4.3. Testing¶
This section shows how to compare between 2 Pandas DataFrame or between 2 Pandas Series
4.3.1. assert_frame equal: Test Whether Two DataFrames are Similar¶
If you want to test whether two DataFrames are similar or how much they are different from each other, try pandas.testing.assert_frame_equal
.
from pandas.testing import assert_frame_equal
import pandas as pd
df1 = pd.DataFrame({'coll': [1,2,3], 'col2': [4,5,6]})
df2 = pd.DataFrame({'coll': [1,3,4], 'col2': [4,5,6]})
assert_frame_equal(df1, df2)
---------------------------------------------------------------------------
AssertionError Traceback (most recent call last)
/tmp/ipykernel_56620/3851828215.py in <module>
5 df1 = pd.DataFrame({'coll': [1,2,3], 'col2': [4,5,6]})
6 df2 = pd.DataFrame({'coll': [1,3,4], 'col2': [4,5,6]})
----> 7 assert_frame_equal(df1, df2)
[... skipping hidden 2 frame]
~/book/venv/lib/python3.8/site-packages/pandas/_libs/testing.pyx in pandas._libs.testing.assert_almost_equal()
~/book/venv/lib/python3.8/site-packages/pandas/_libs/testing.pyx in pandas._libs.testing.assert_almost_equal()
~/book/venv/lib/python3.8/site-packages/pandas/_testing/asserters.py in raise_assert_detail(obj, message, left, right, diff, index_values)

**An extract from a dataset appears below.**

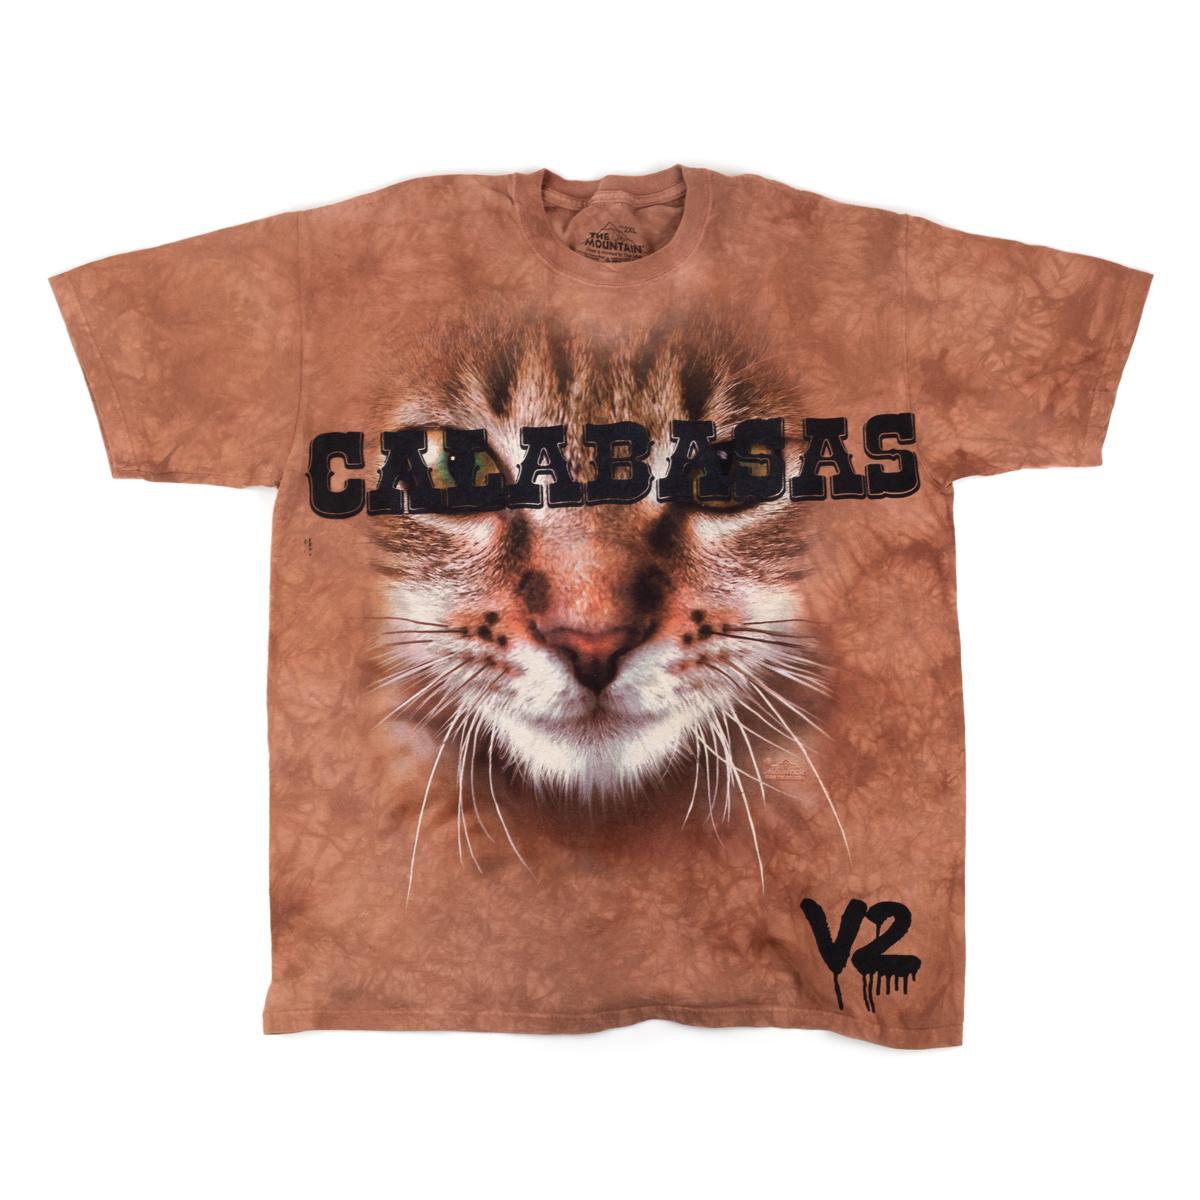 Calabasas T-Shirt (2XL)

663 msg += f"\n[diff]: {diff}"
664
--> 665 raise AssertionError(msg)
666
667
AssertionError: DataFrame.iloc[:, 0] (column name="coll") are different
DataFrame.iloc[:, 0] (column name="coll") values are different (66.66667 %)
[index]: [0, 1, 2]
[left]: [1, 2, 3]
[right]: [1, 3, 4]